Поэтому я завершу эту главу определением из учебника этики А.Гусейнова и Р.Апресяна, которое считаю наиболее приемлемым. Оно хорошо еще и тем, что четко разграничивает сферы использования каждого из понятий, что почти несвойственно нашим ученым.
«В рамках учебной дисциплины “этикой” мы будем называть науку, область знания, интеллектуальную традицию, а “моралью” или “нравственностью”, употребляя эти слова как синонимы – то, что изучается этикой, ее предмет» (Гусейнов, Апресян, с.11).
Это лучшее определение нашей науки, хотя, как вы уже поняли, и оно не совсем точно. Но это данность, в которой существует наука о нравственности. Данность и ограничение, потому что, несмотря на заветы Аристотеля, философы не изучают нравственность психологически, как деятельность души.
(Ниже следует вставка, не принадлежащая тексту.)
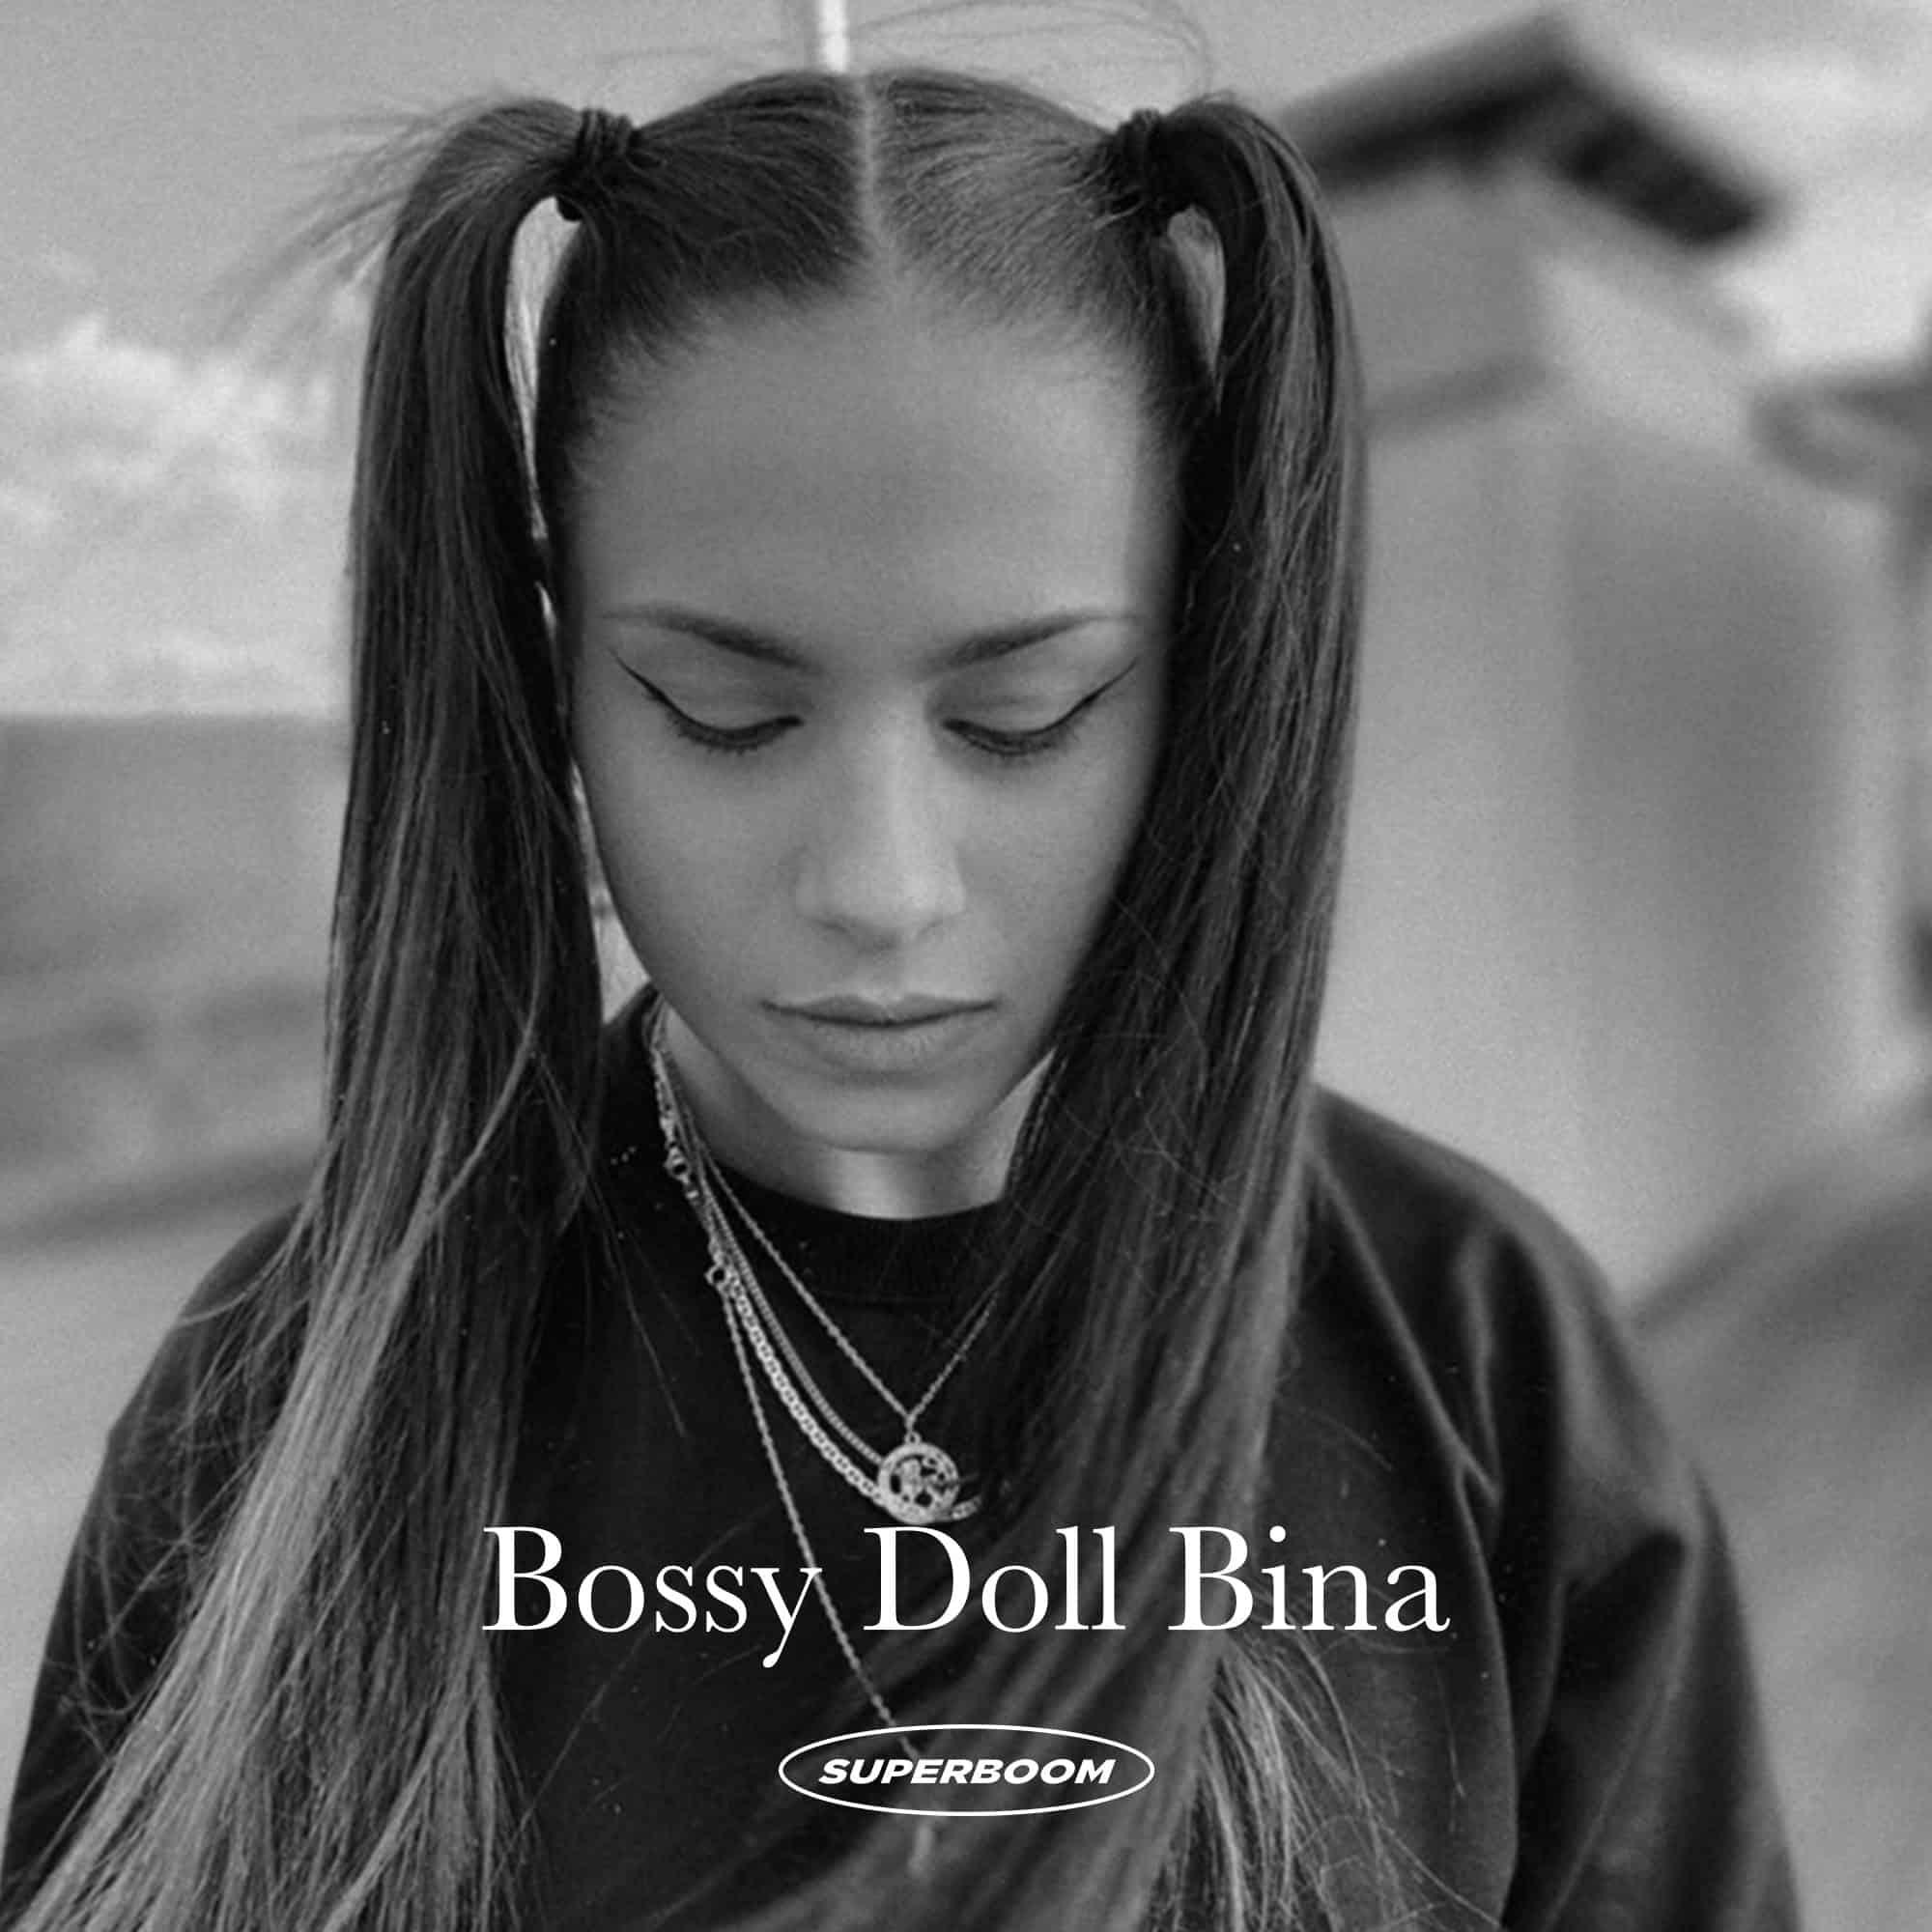 Bossy Doll Bina
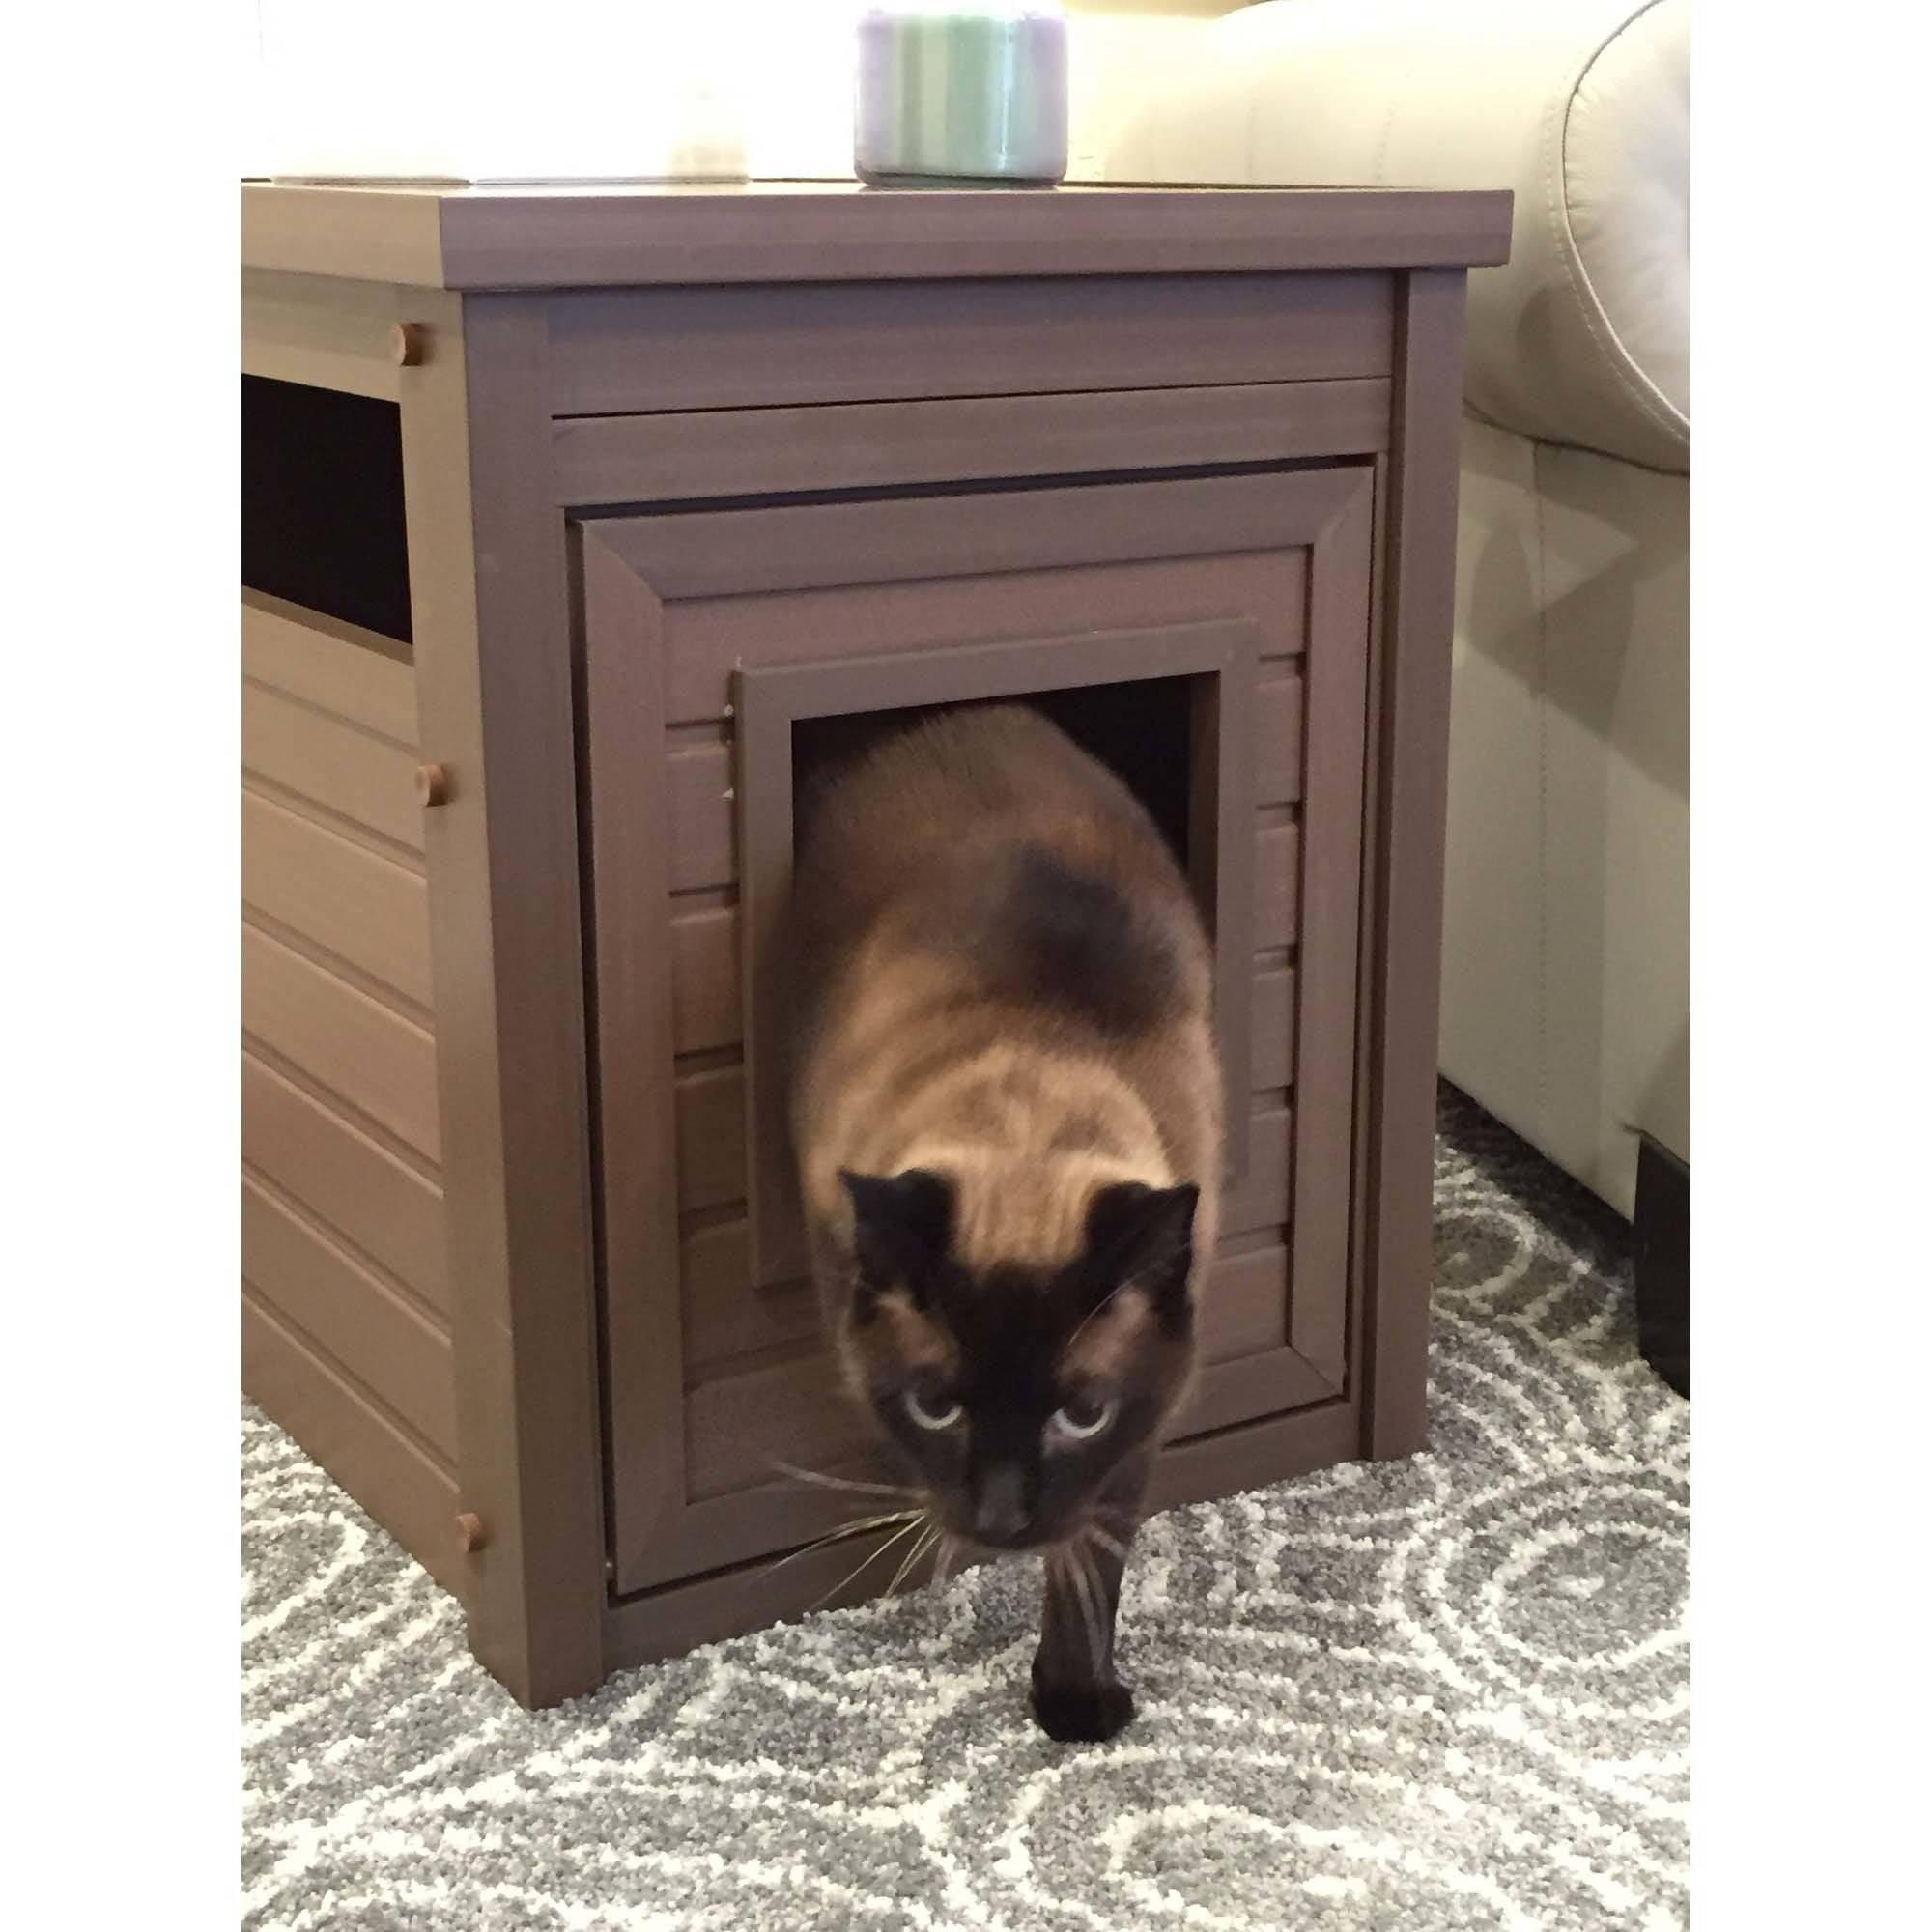 new age pet ecoflex habitat nu0027 home litter loo and jumbo litter loo now in 3 colors for cat russet ecoflex walmartcom - Litter Boxes

Они только поминают о душевных проявлениях, но затем одергивают себя. Все-таки этика – это наука самоограничения.
Как писал Кант, вслед за Аристотелем очень ратовавший за «этическое государство», в одном из своих сочинений:
«…ведь здесь ставится также вопрос о месте души как в аспекте ее способности воспринимать чувственные данные, так и в аспекте ее способности сообщать движущую силу.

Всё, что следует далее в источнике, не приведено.